[HOW TO COMPLETE THIS TASK] The answer must be an exact copy of the lines from the one with "Set de 6 assiettes en céramique" to the last line of the entries below, both included, and must contain no pictures.

Items from a dataset:
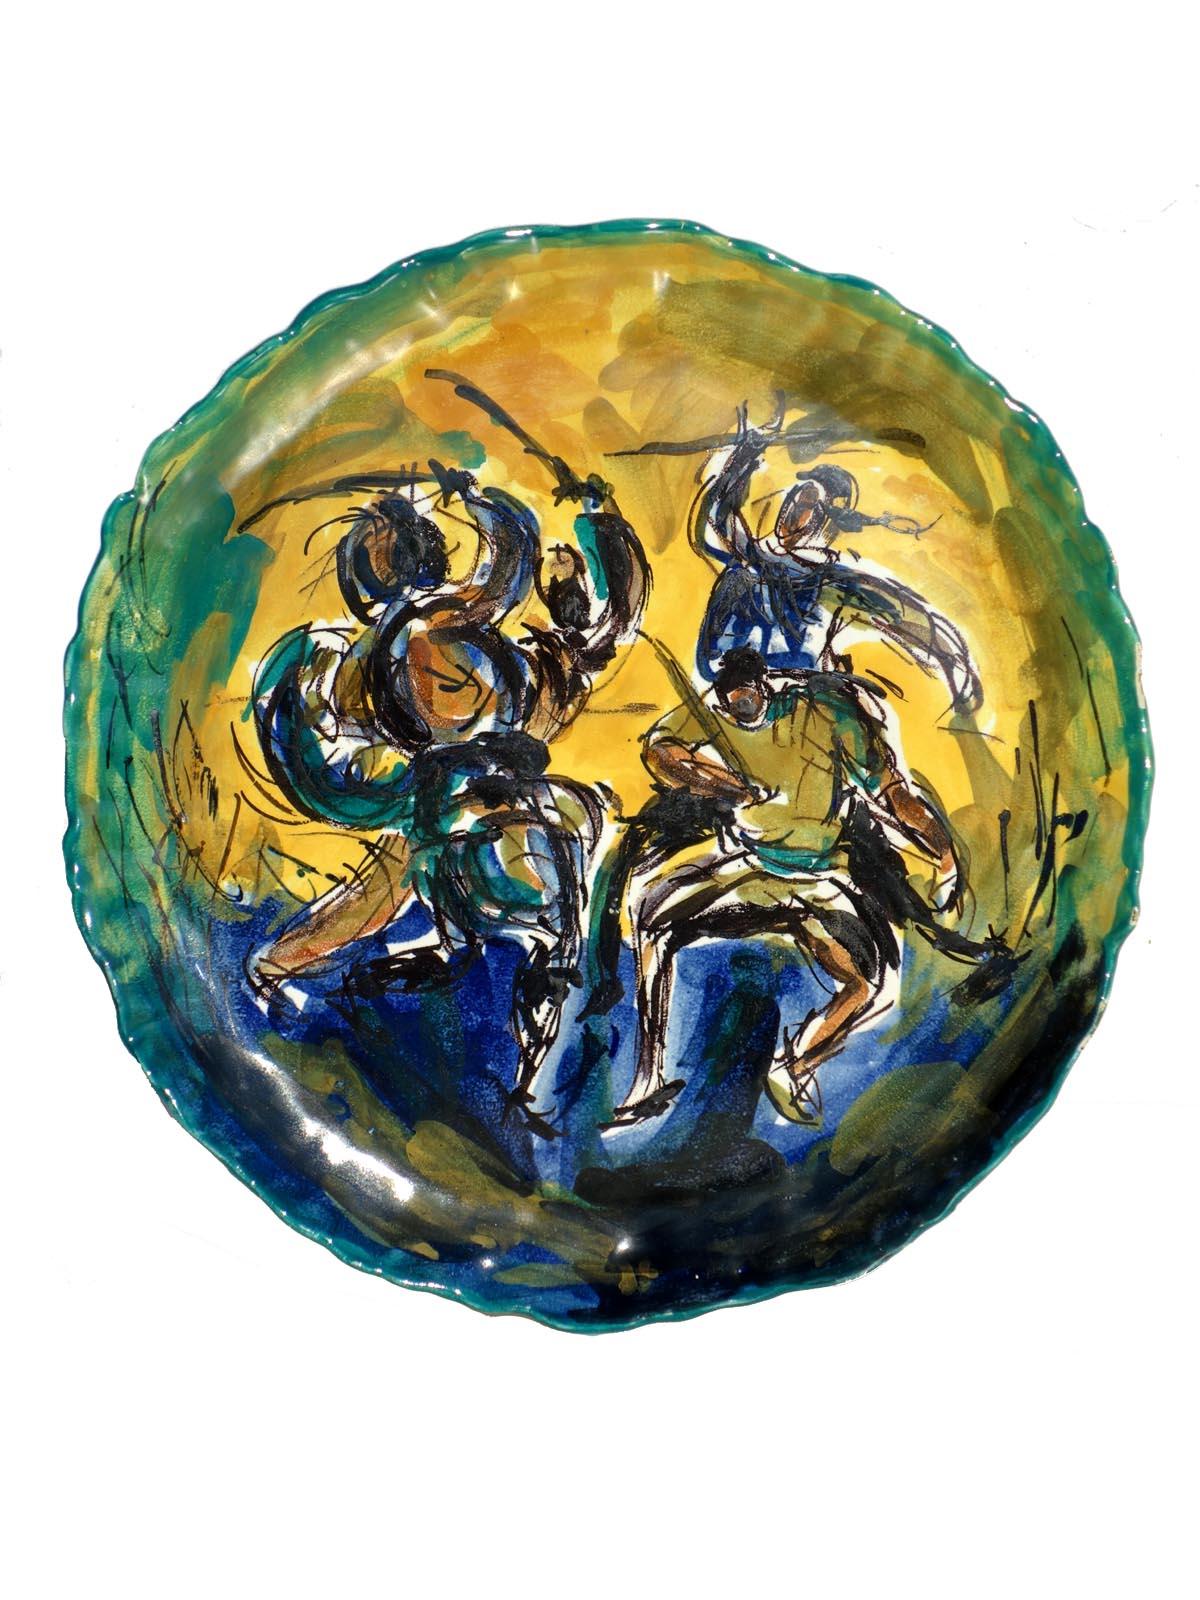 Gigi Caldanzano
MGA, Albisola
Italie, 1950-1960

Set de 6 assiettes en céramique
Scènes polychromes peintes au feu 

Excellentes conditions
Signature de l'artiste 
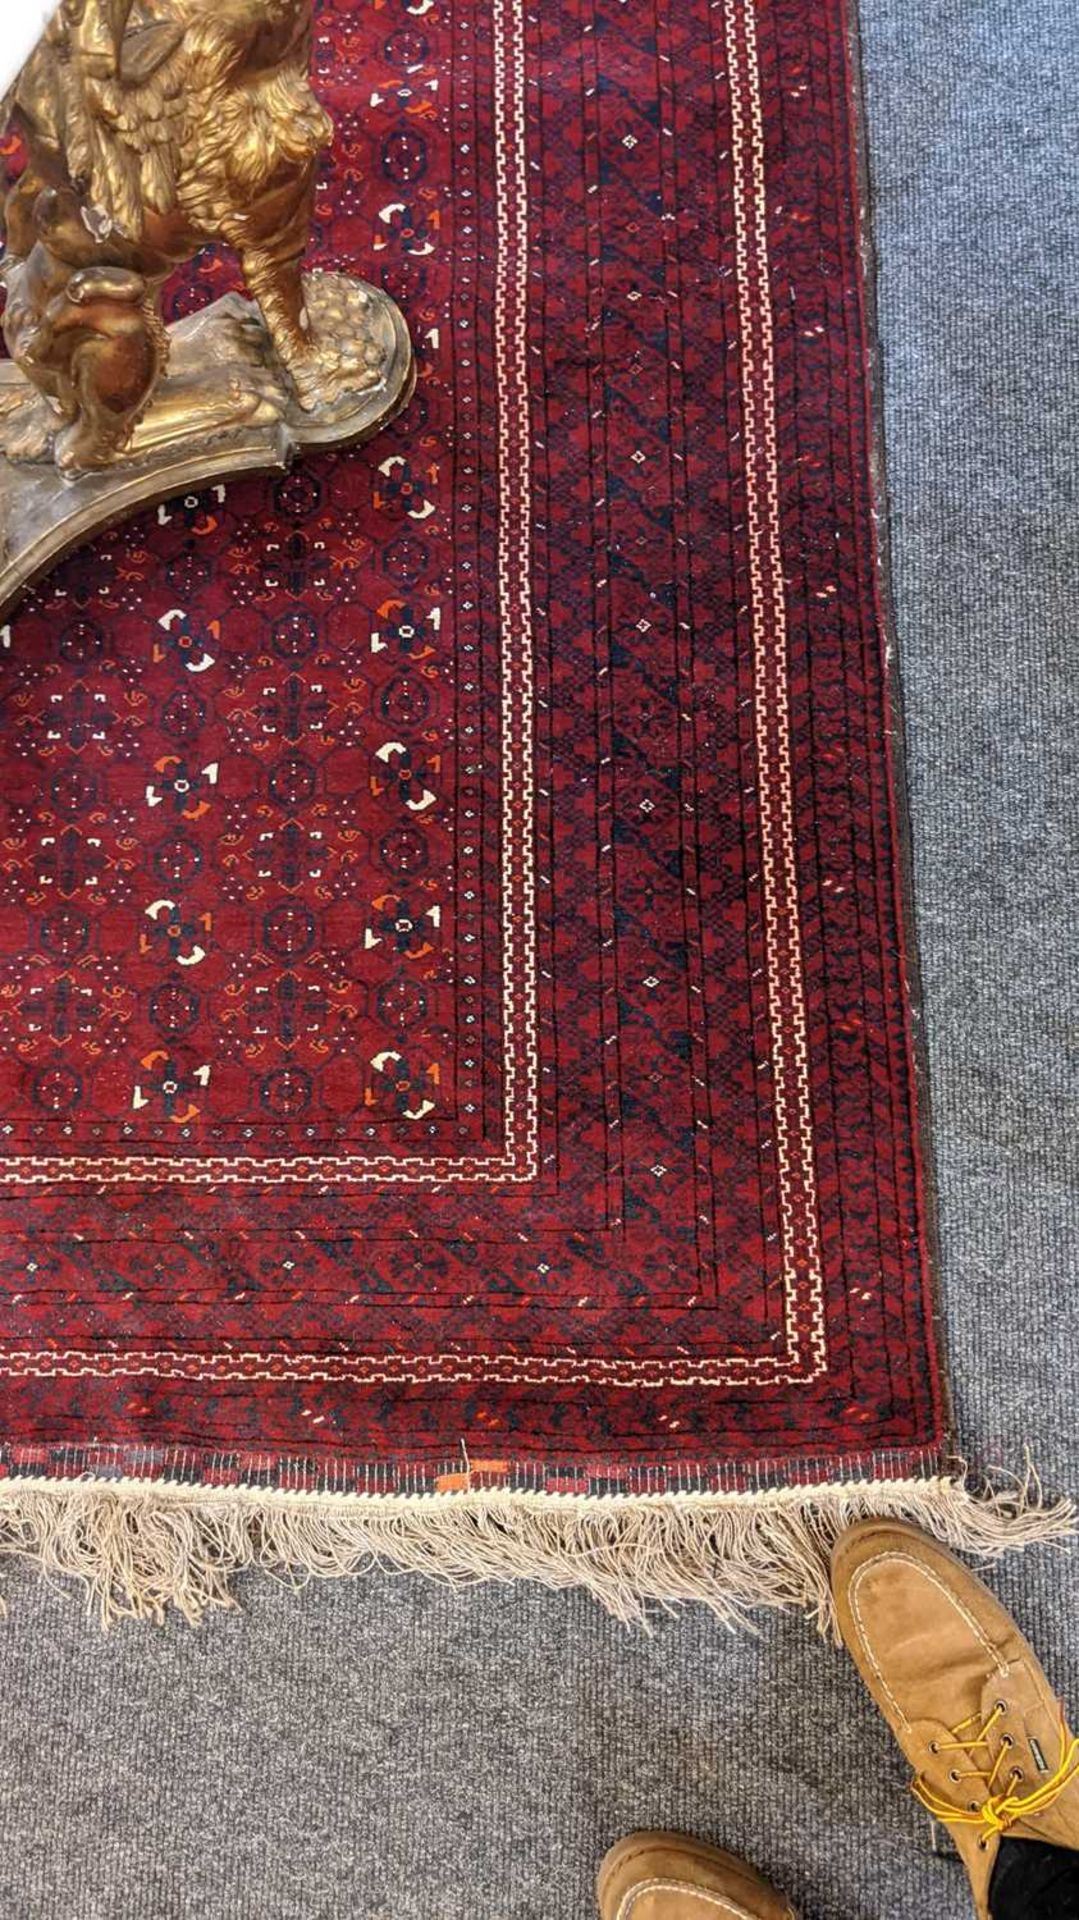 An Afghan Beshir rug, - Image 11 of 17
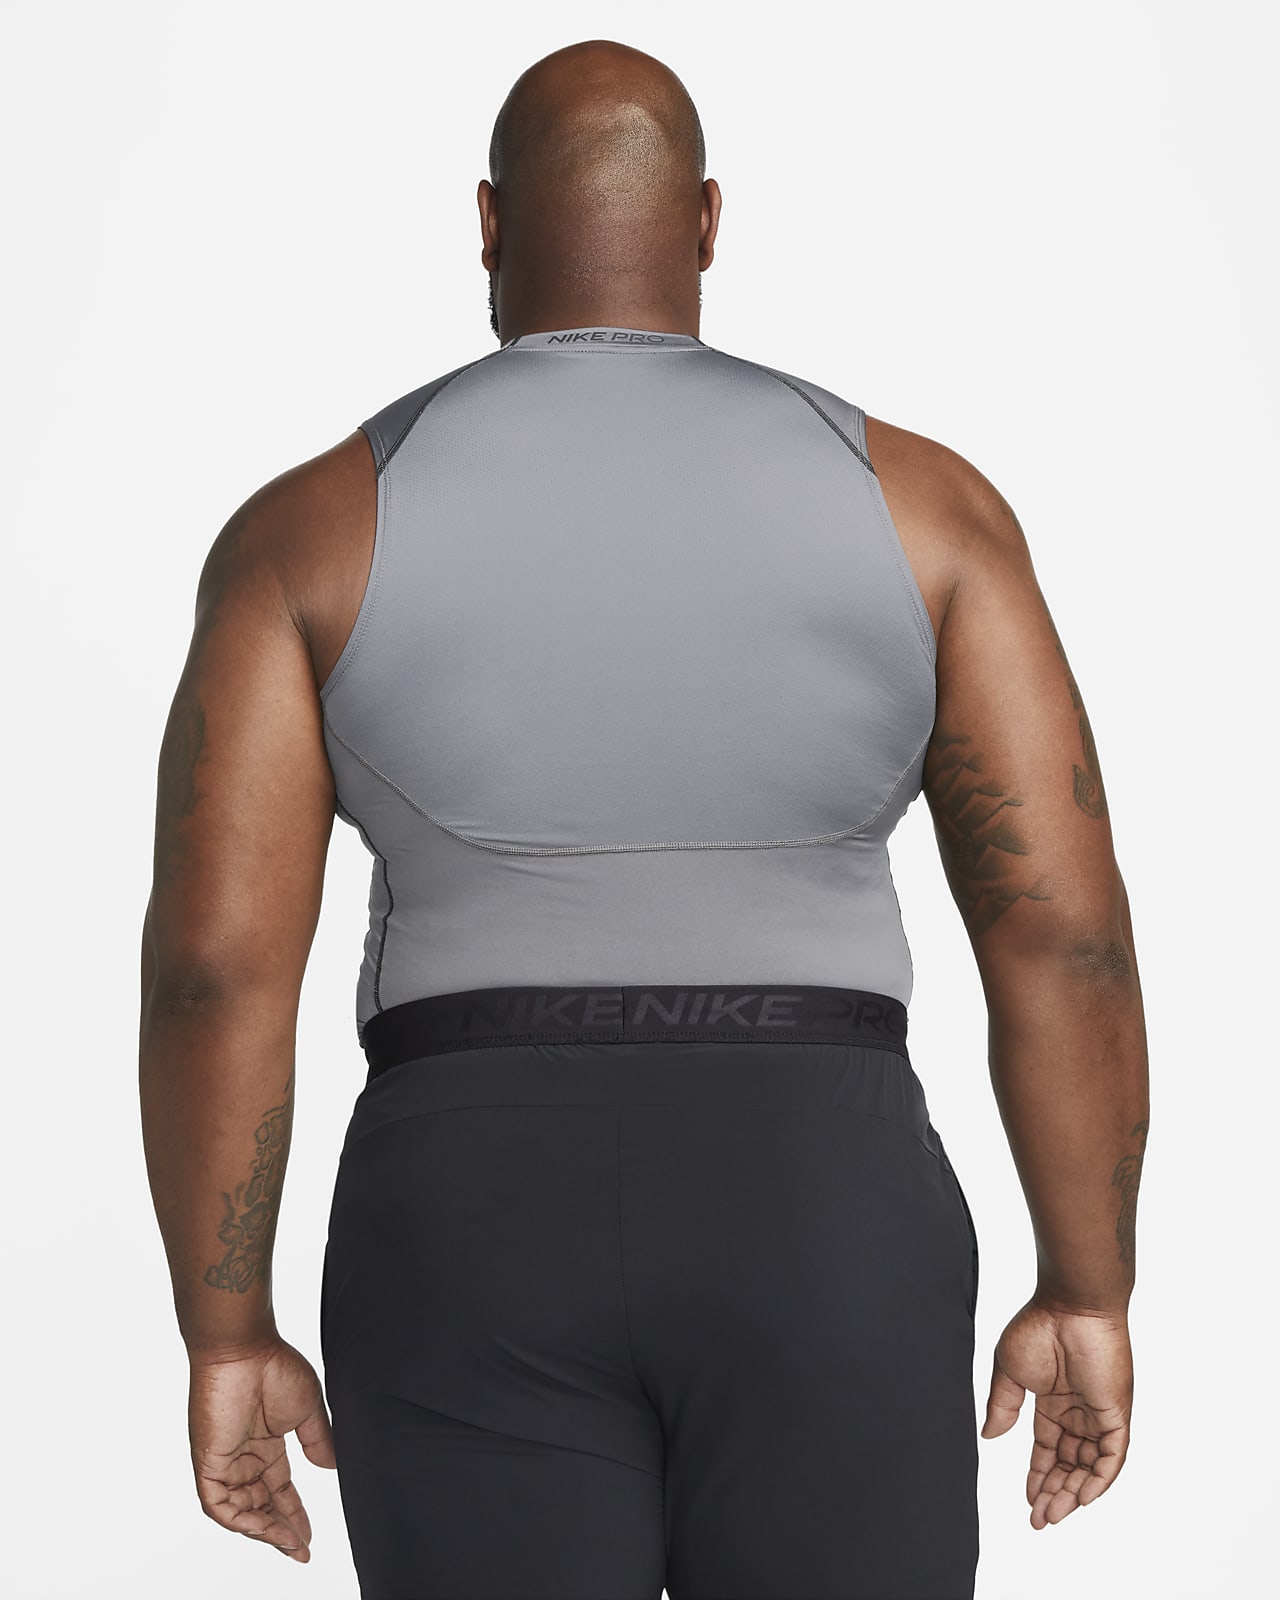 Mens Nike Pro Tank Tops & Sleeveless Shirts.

[WRITTEN RESPONSE]
Set de 6 assiettes en céramique
Scènes polychromes peintes au feu 

Excellentes conditions
Signature de l'artiste 
 An Afghan Beshir rug, - Image 11 of 17
 Mens Nike Pro Tank Tops & Sleeveless Shirts.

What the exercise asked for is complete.